We are an utterly imperfect species, but we are nonetheless a very special species. You and I began with a traumatic ejection from a strange world where we began as a single celled organism. The evolution of a single egg to a foetus to a baby to a child to an adult is one of the most fascinating and amazing processes in nature, and you and me and just on this very day about 250 000 other Homo sapiens have gone through this process too. We are living this life and sojourning with the other 6.8 billion humans on this earth. Of the 14 billion years of the universe, the 4.5 billion years of the earth, and the 4000 million years of life, anatomically modern humans have only existed for 200 000 years of this, and the behaviourally modern human only for 50 000. To put these arbitrary numerical semantics in context, if the scale of existence was stretched down to the length of an arm, humanity would be but the top of our middle fingernail. So you see we are somewhat insignificant in the vastness of geologic time and the grand scale of existence. We, Homo sapiens as we tend to taxonomically call ourselves, are quite bizarre entities of life; but in this bizarreness we should rejoice in our specialness of the diversity of culture, language and ethnicity and realise our commonality and responsibility to our metaphorical and literal brothers and sisters and to this pale blue green drop in the cosmic ocean. 

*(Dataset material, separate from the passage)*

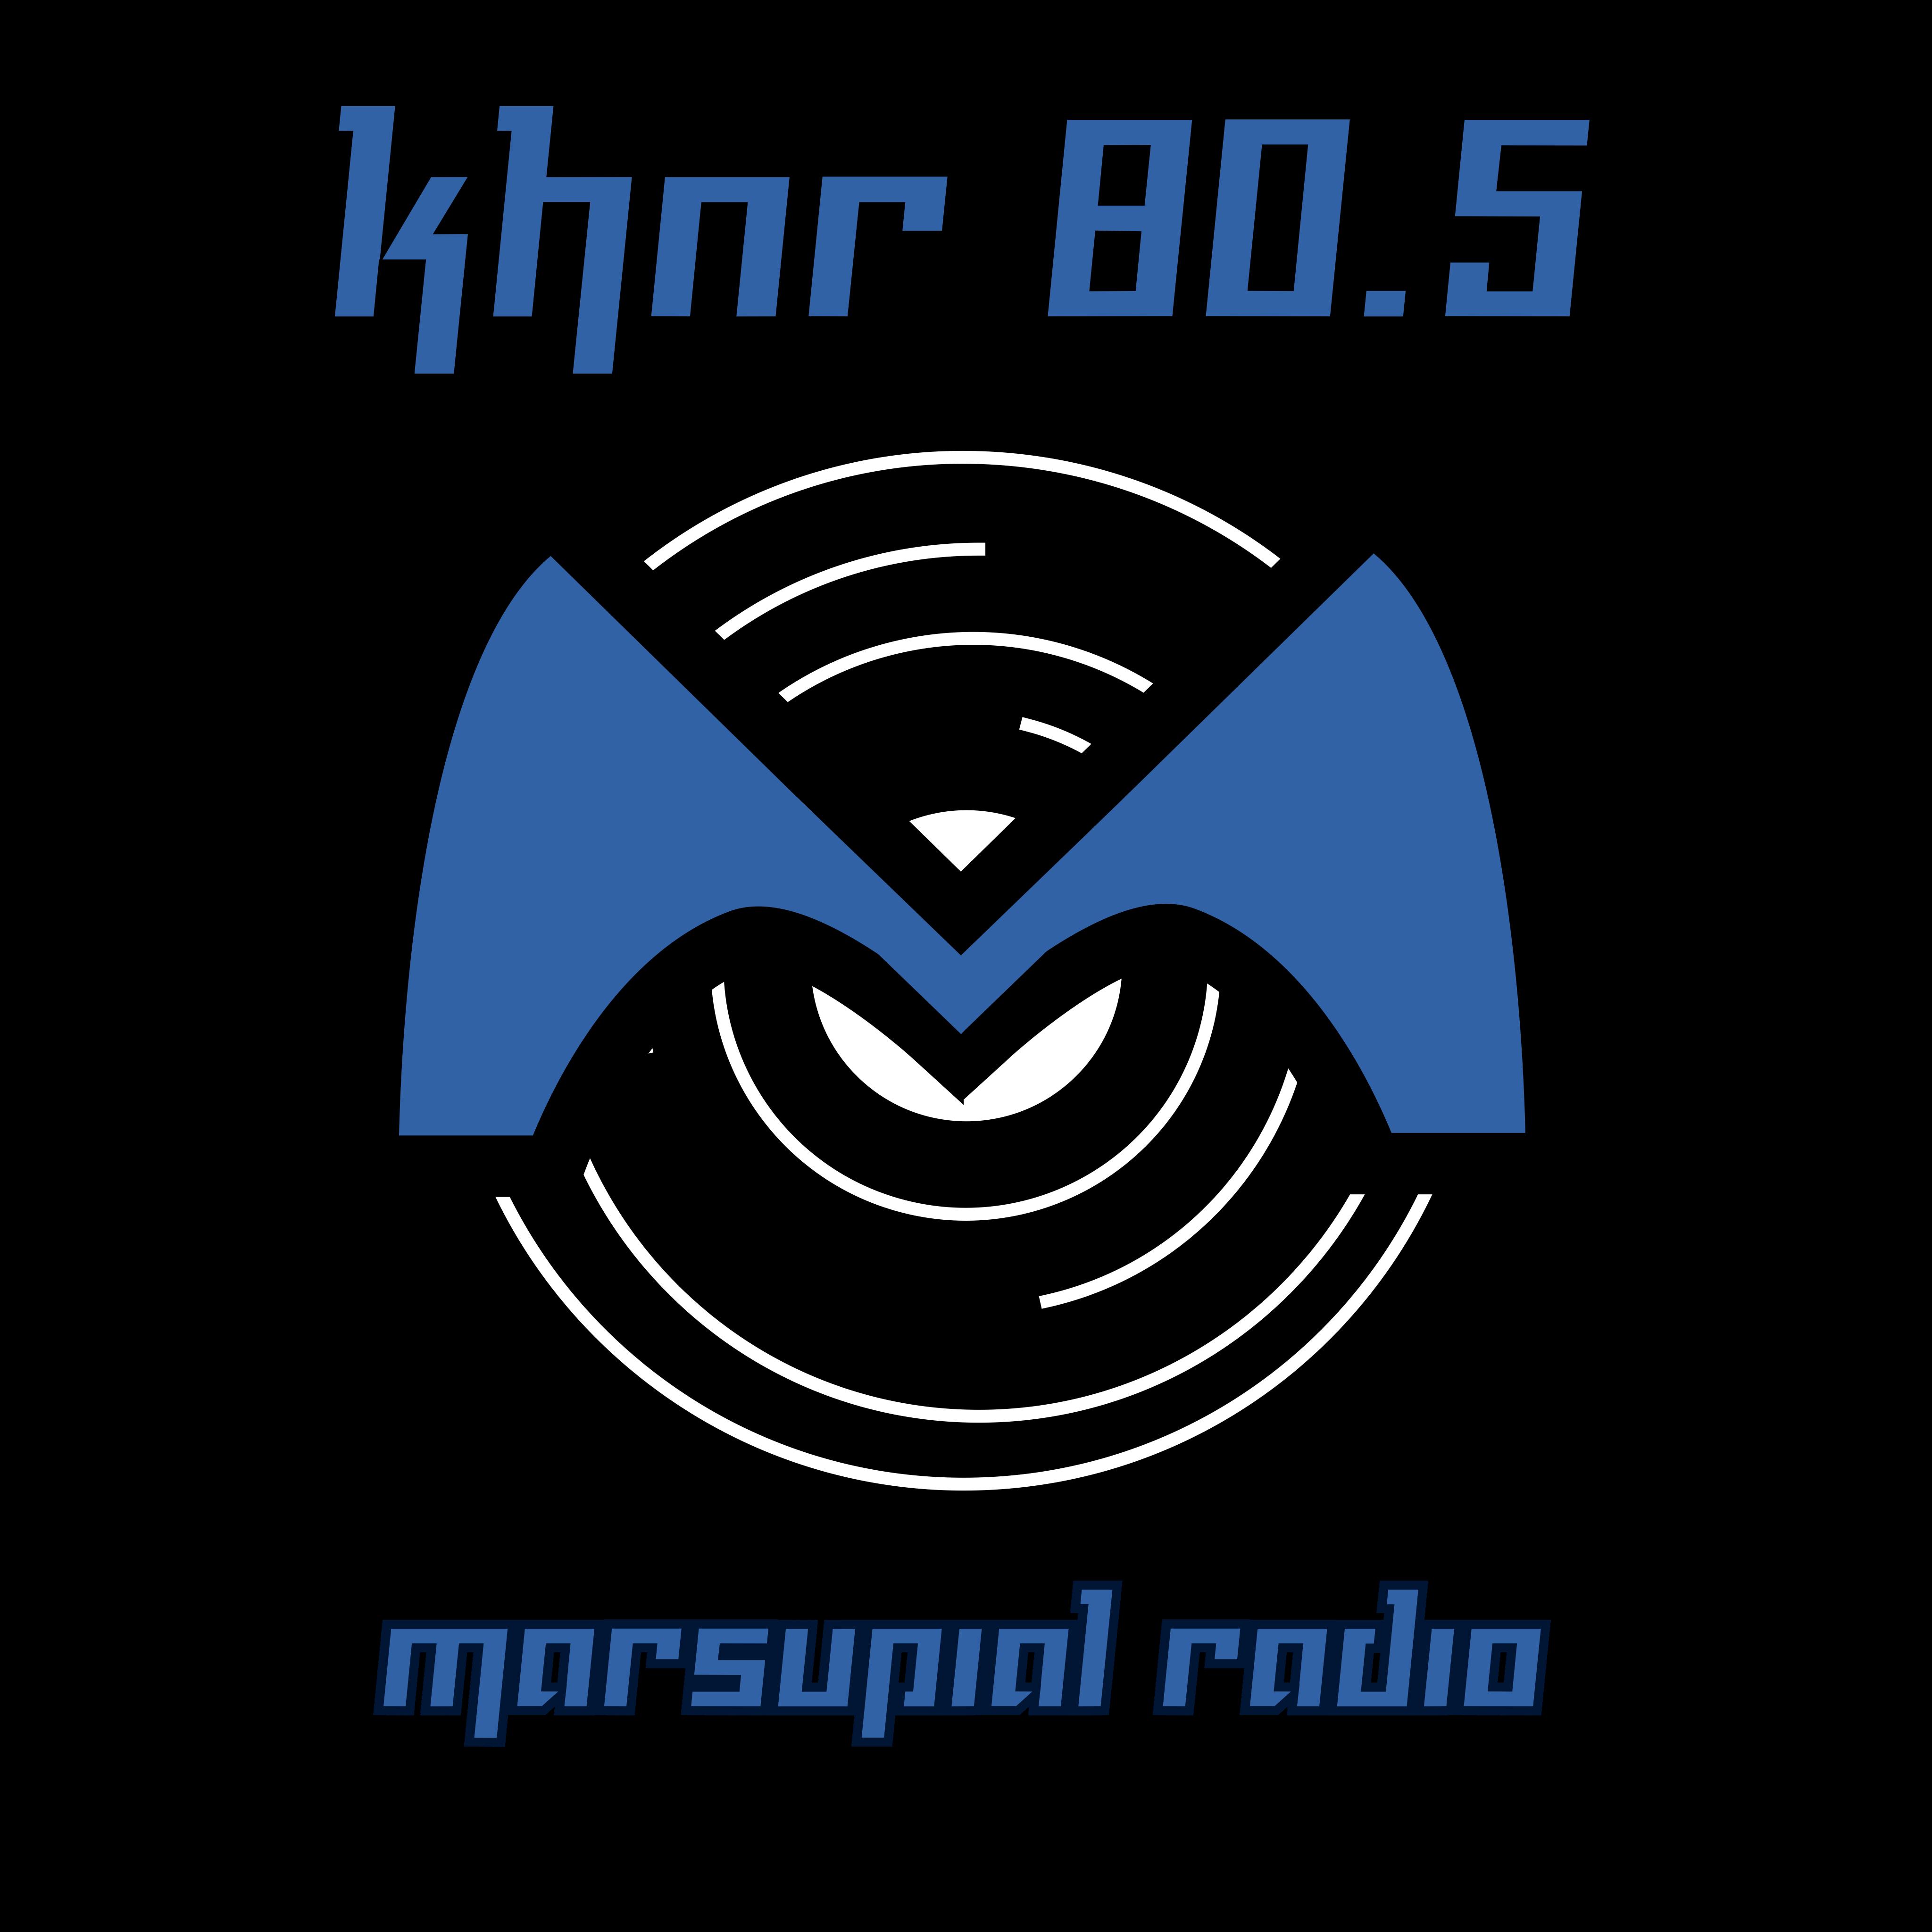 KHNR 80.5 Marsupial Radio

As tends to happen, the day ends with darkness and the people go home to sleep. As the moon comes into sight the owls hoot in their own wise manner, cats roam the streets, the earth rotates, and the hemispherical photon level changes in a somewhat slow manner, in a manner reminiscent of an anaemic snail with heavy luggage. Inevitably the cyclical and somewhat lyrical way of life continues and the universe remains rather lackadaisical. Thus we say huzzah!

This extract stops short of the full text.